• **Task directions**
The line with "DPH data shows" marks the first line to copy, and the line with "Flair Inky CFO" marks the last. Transcribe that stretch of the data below exactly, without pictures.

**** Listed entries

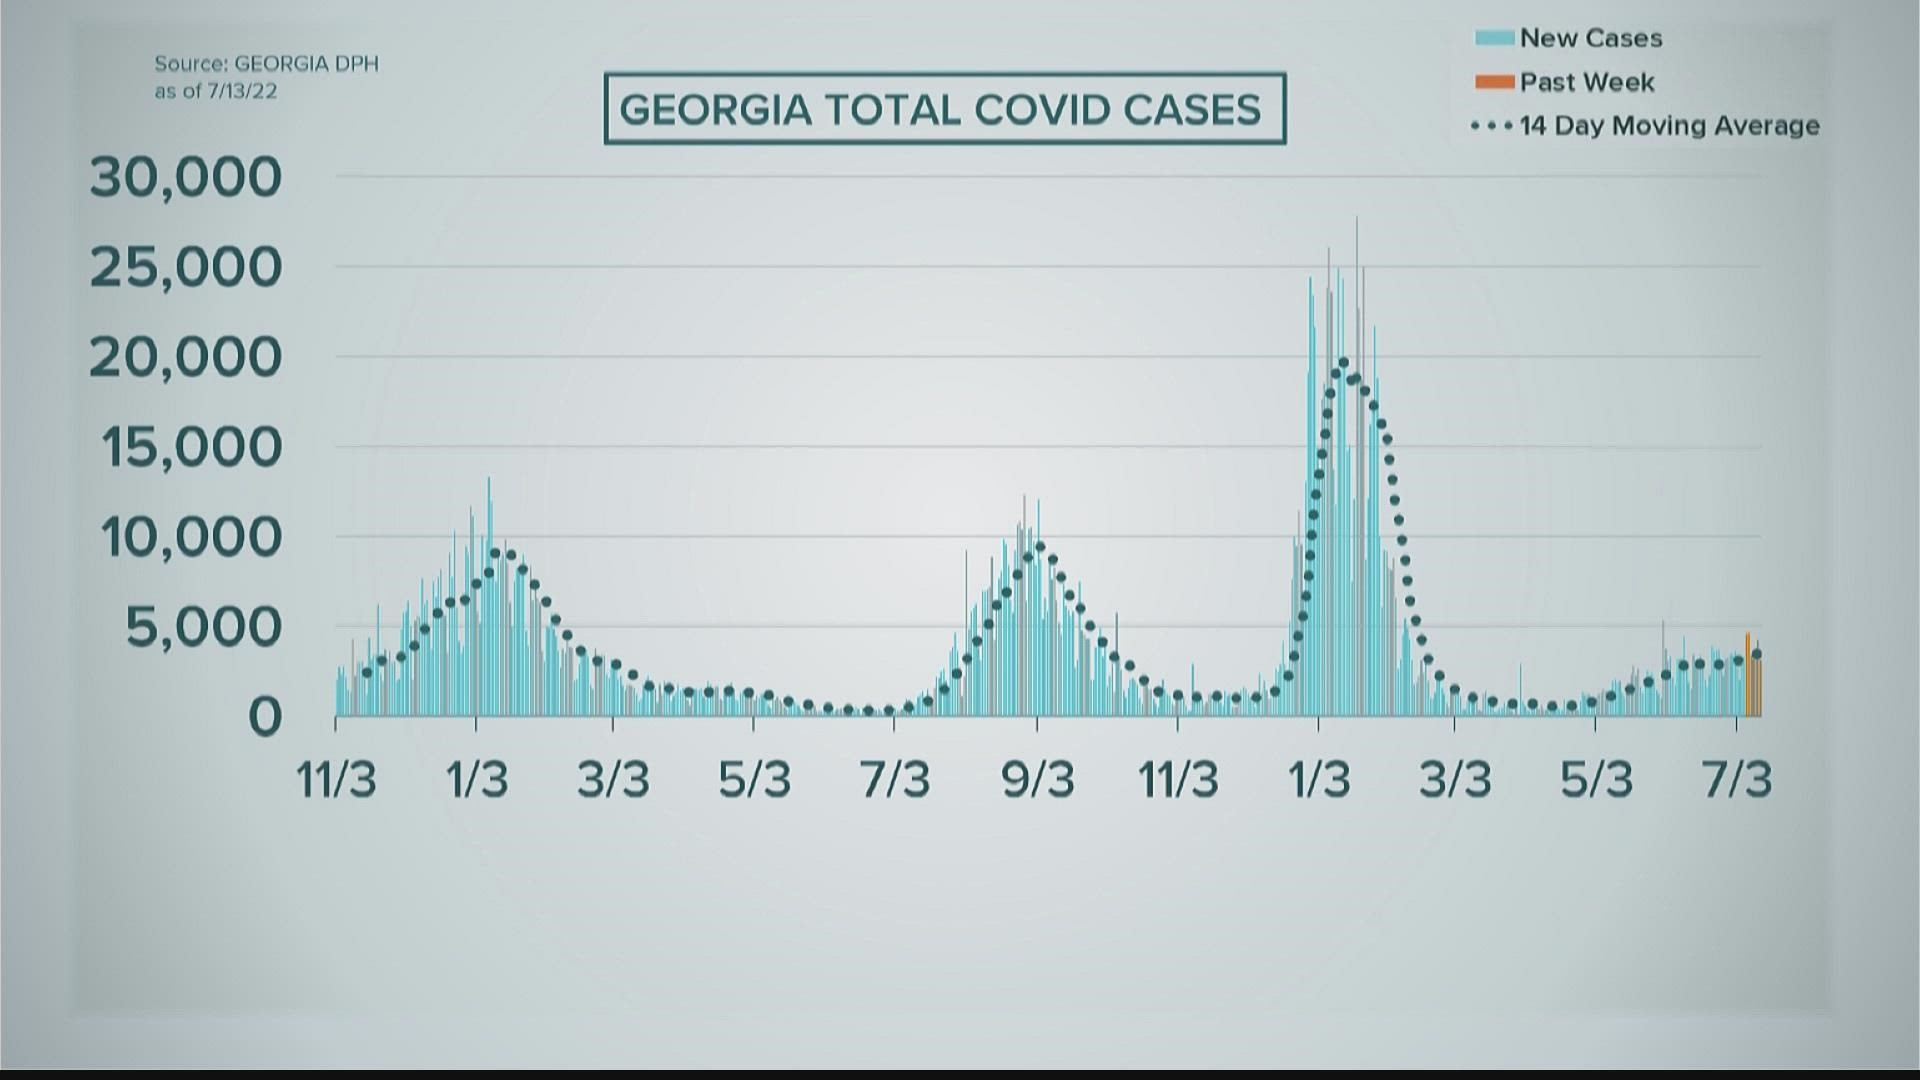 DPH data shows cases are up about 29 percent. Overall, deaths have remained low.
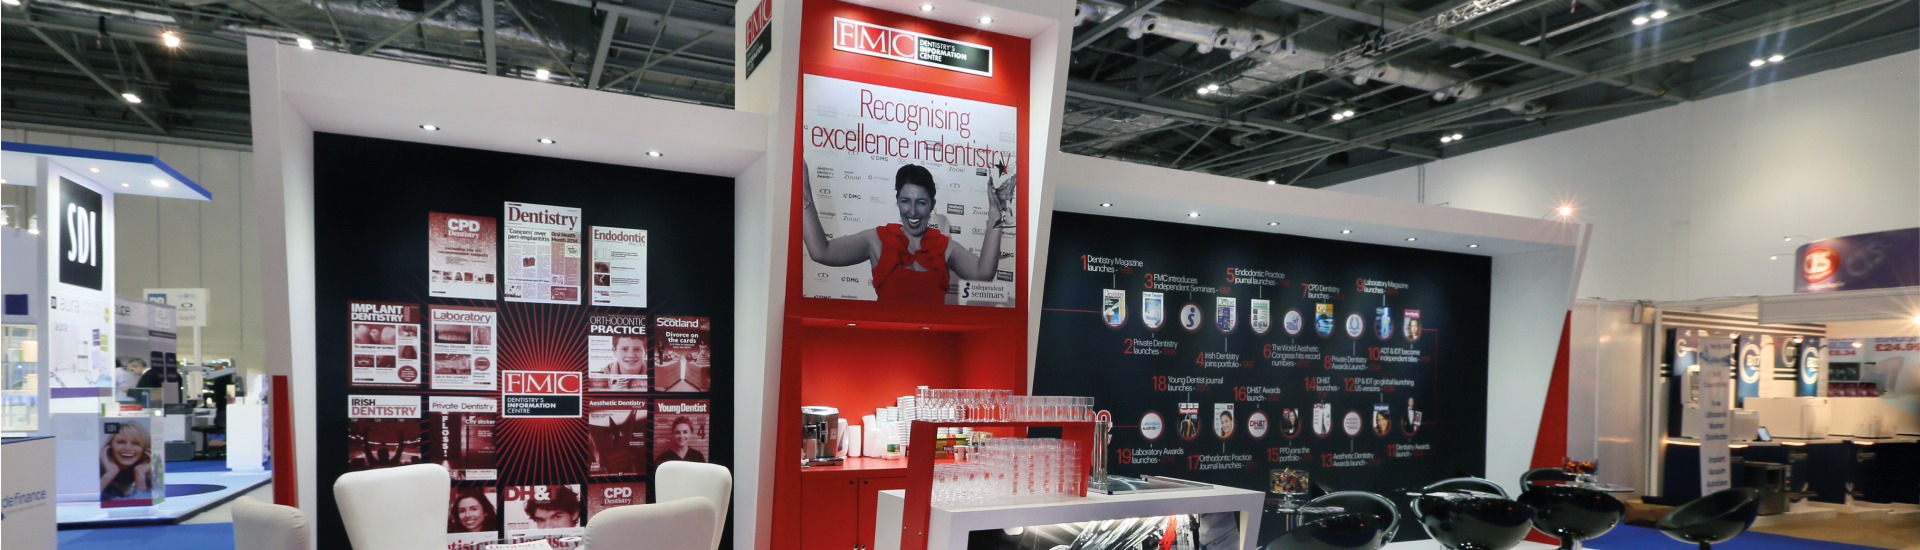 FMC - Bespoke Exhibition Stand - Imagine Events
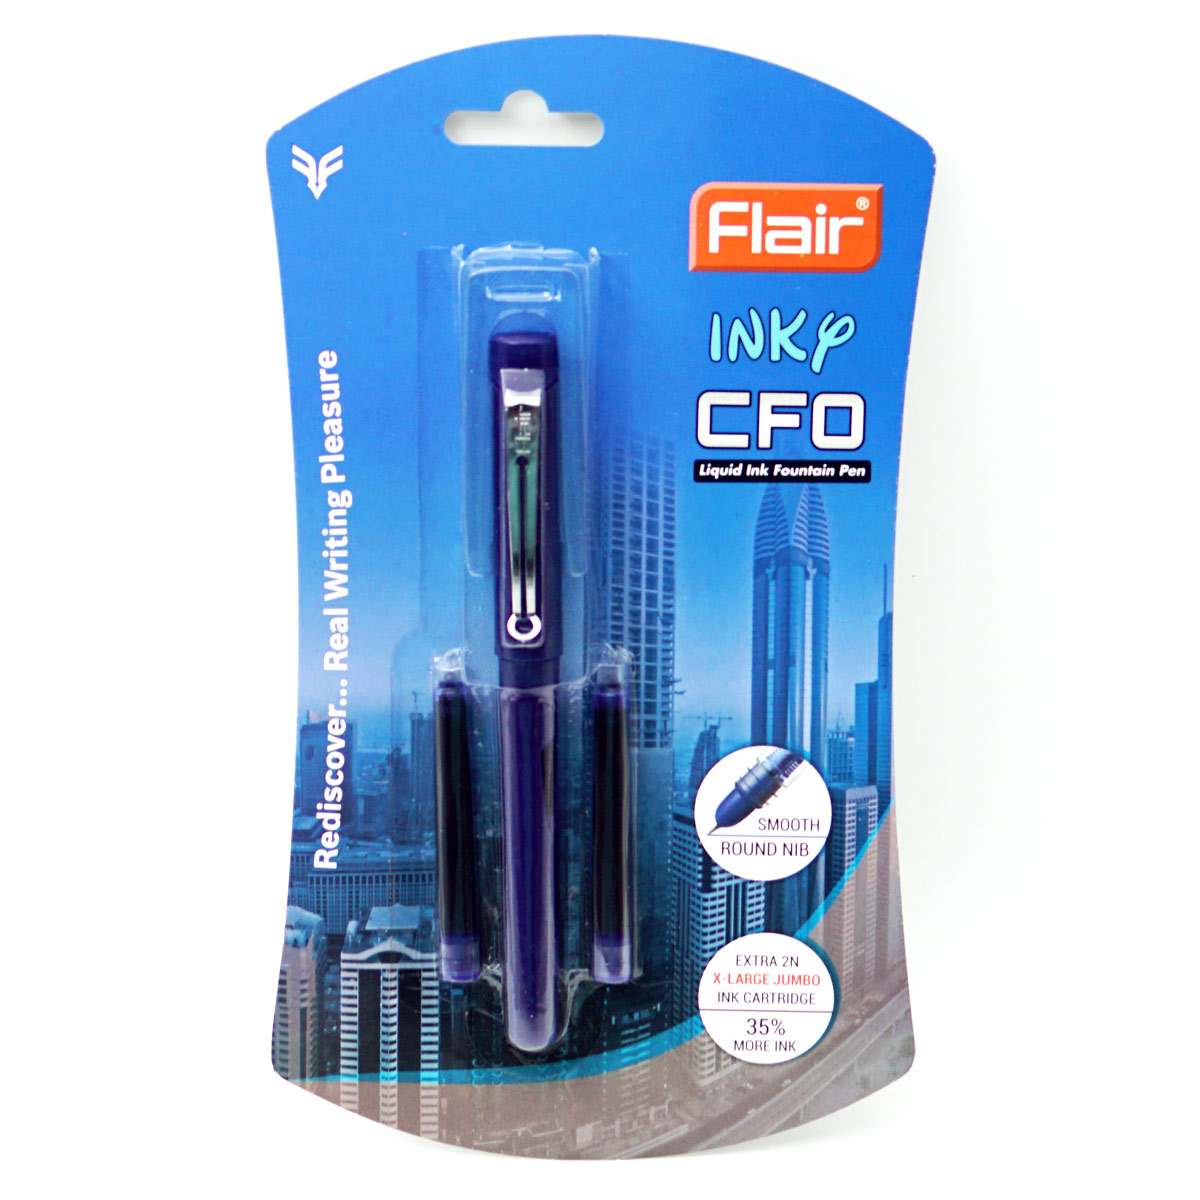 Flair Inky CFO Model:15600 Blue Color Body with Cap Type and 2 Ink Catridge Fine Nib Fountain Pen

********
**** Listed entries

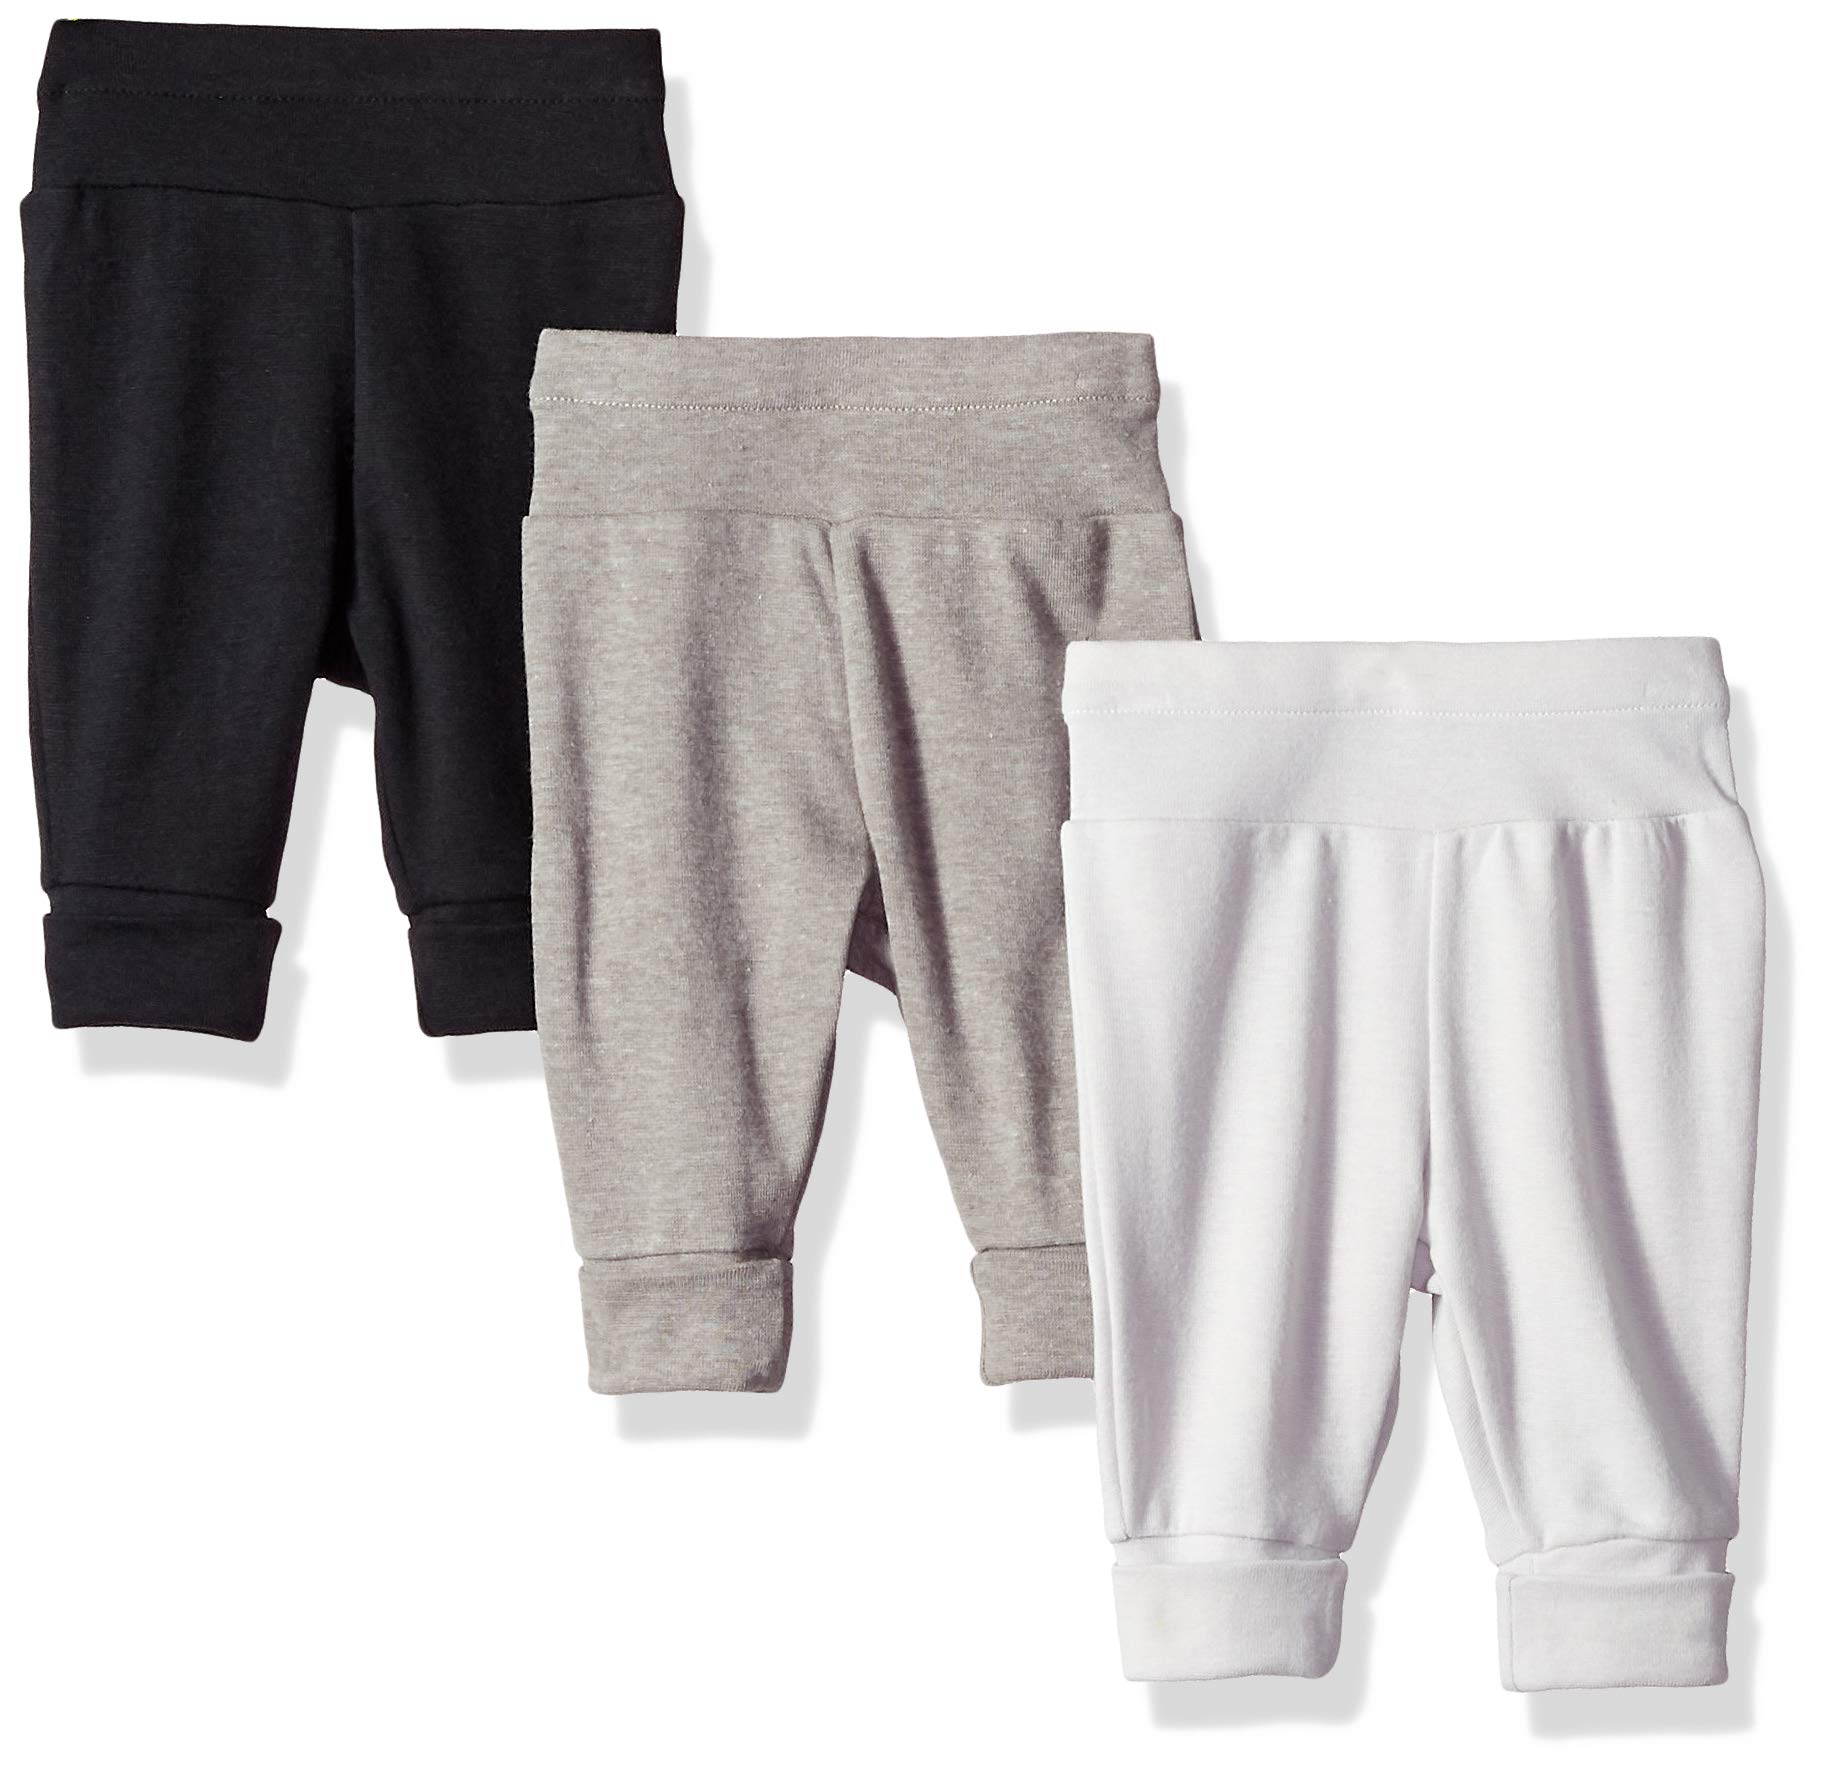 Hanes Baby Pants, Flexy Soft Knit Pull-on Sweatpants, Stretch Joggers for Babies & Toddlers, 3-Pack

********

• **Solution to the exercise**
 DPH data shows cases are up about 29 percent. Overall, deaths have remained low.
 FMC - Bespoke Exhibition Stand - Imagine Events
 Flair Inky CFO Model:15600 Blue Color Body with Cap Type and 2 Ink Catridge Fine Nib Fountain Pen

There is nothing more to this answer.